Toward the end of his life, Thomas Jefferson wrote his own epitaph, and instructed that the inscription contain “not a word more.” Accordingly, his epitaph reads:

“Here was buried Thomas Jefferson, author of the Declaration of American Independence, of the Statute of Virginia for Religious Freedom, and Father of the University of Virginia.”

Incredibly, Jefferson chose not to mention that he was also:
Minister to France (1785-1789)
Secretary of State (1789-1793)
Vice President (1797-1806) and
President of the United States (1802-1809)

While serving as America’s vice president, Thomas Jefferson, dressed in soiled working clothes, entered Baltimore’s finest hotel one evening and asked for a room. The proprietor, a certain Mr. Boyden, turned him away. Soon thereafter Boyden, apprised of the identity of his distinguished visitor, promptly dispatched several servants to find him and offer as many rooms as his heart desired. Jefferson, having found a room in another hotel, sent Boyden’s representative away with the following message: “Tell Boyden that I value his good intentions highly, but if he has no room for a dirty farmer, he shall have none for the vice president.”

One morning Thomas Jefferson awoke in a modest Washington rooming house, got dressed, and left to attend his presidential inauguration. Duly sworn in, he returned home – and found “every accustomed seat in the dining room taken. No man present rose to offer the President his seat, until the wife of John Brown, the senator from Kentucky, offered to yield hers at the more desirable end of the table. Jefferson politely declined and, in silent acceptance of democratic principles (first come, first served), the third president of the United States went to his room without eating dinner.

In 1785, Thomas Jefferson, having arrived in France as America’s emissary, paid a visit to the French minister for foreign affairs. “You replace Monsieur Franklin?” the minister asked. “I succeed him,” Jefferson corrected him. “No one can replace him.”

Following Lewis and Clark’s famous expedition to the American Northwest, Thomas Jefferson expressed interest in keeping a live grizzly bear on the White House grounds. Jefferson also had a pet mockingbird that he taught to peck food from his lips and to hop up the stairs after him


A wise and frugal government, which shall leave men free to regulate their own pursuits of industry and improvement, and shall not take from the mouth of labor the bread it has earned – this is the sum of good government.

All tyranny needs to gain a foothold is for people of good conscience to remain silent.
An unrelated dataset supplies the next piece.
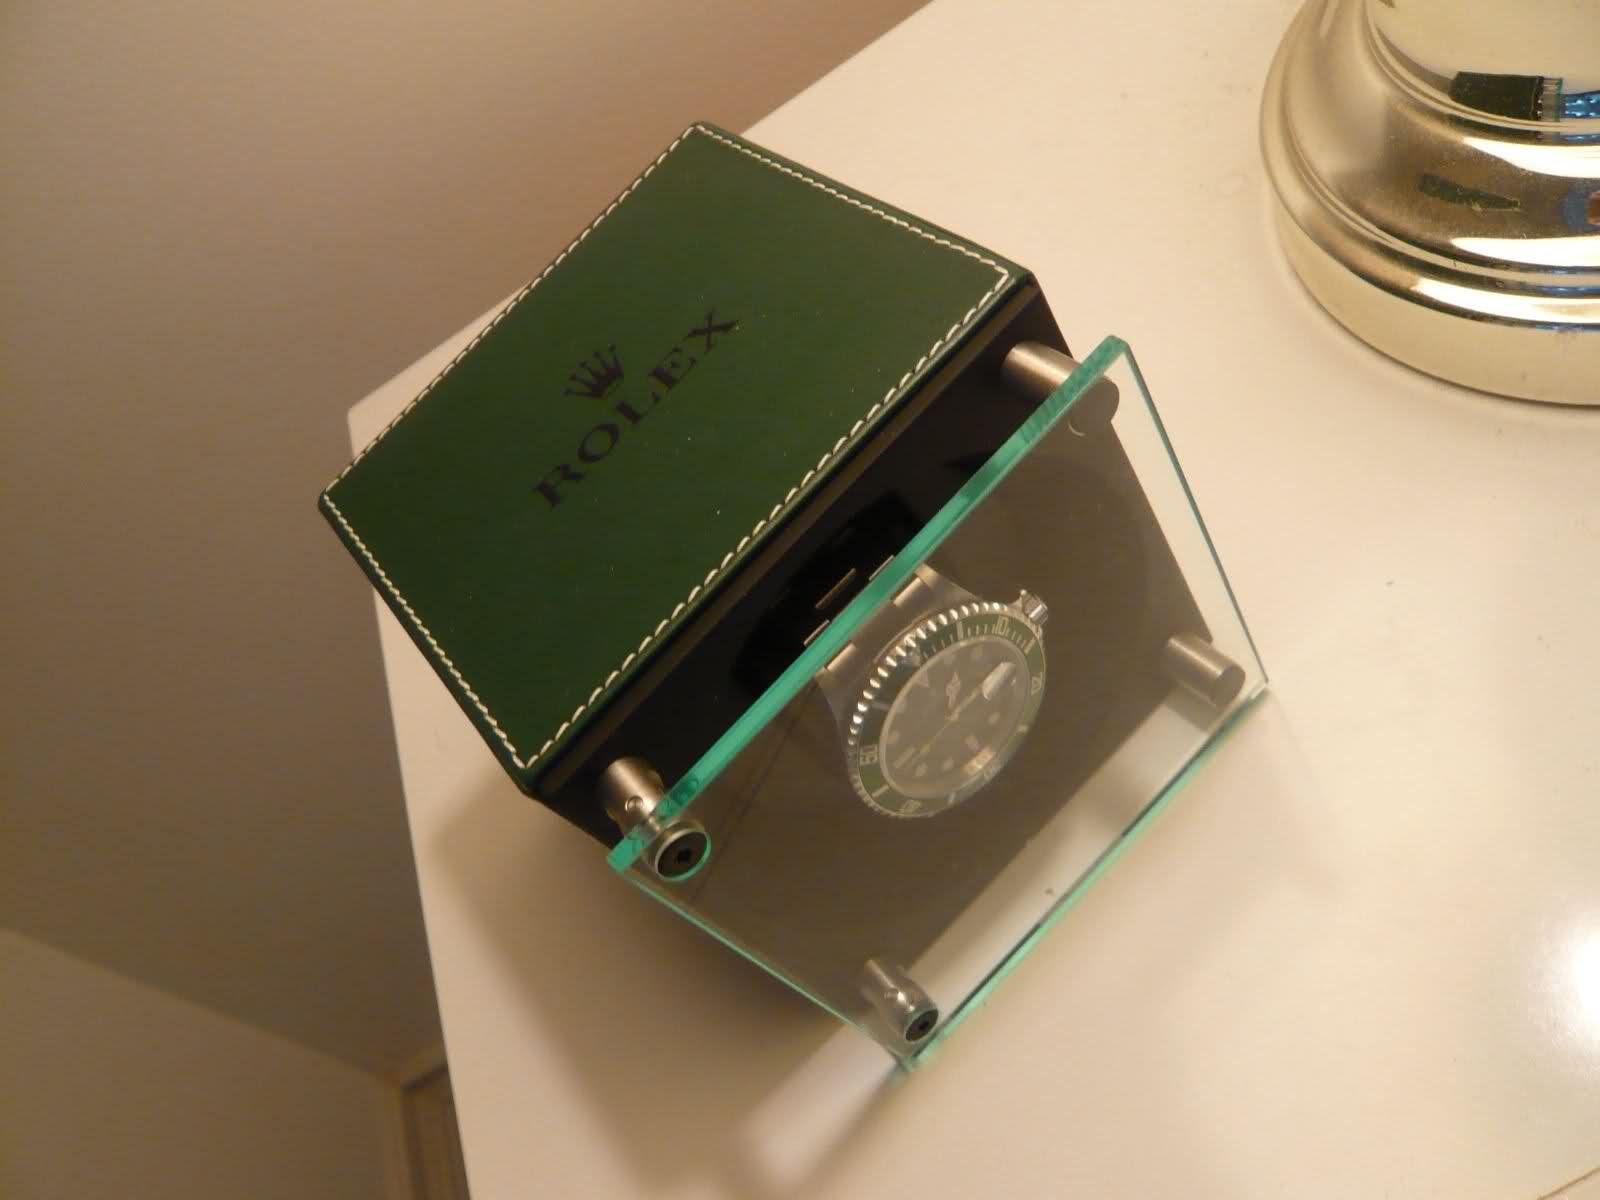 panerai -  [SUJET UNIQUE] écrin, boîte ou coffret pour ranger les montres... - Page 3 21cuoh3

Books constitute capital. A library book lasts as long as a house, for hundreds of years. It is not, then, an article of mere consumption but fairly of capital, and often in the case of professional men, setting out in life, it is their only capital.

Commerce with all nations, alliance with none, should be our motto

Do not bite at the bait of pleasure, till you know there is no hook beneath it.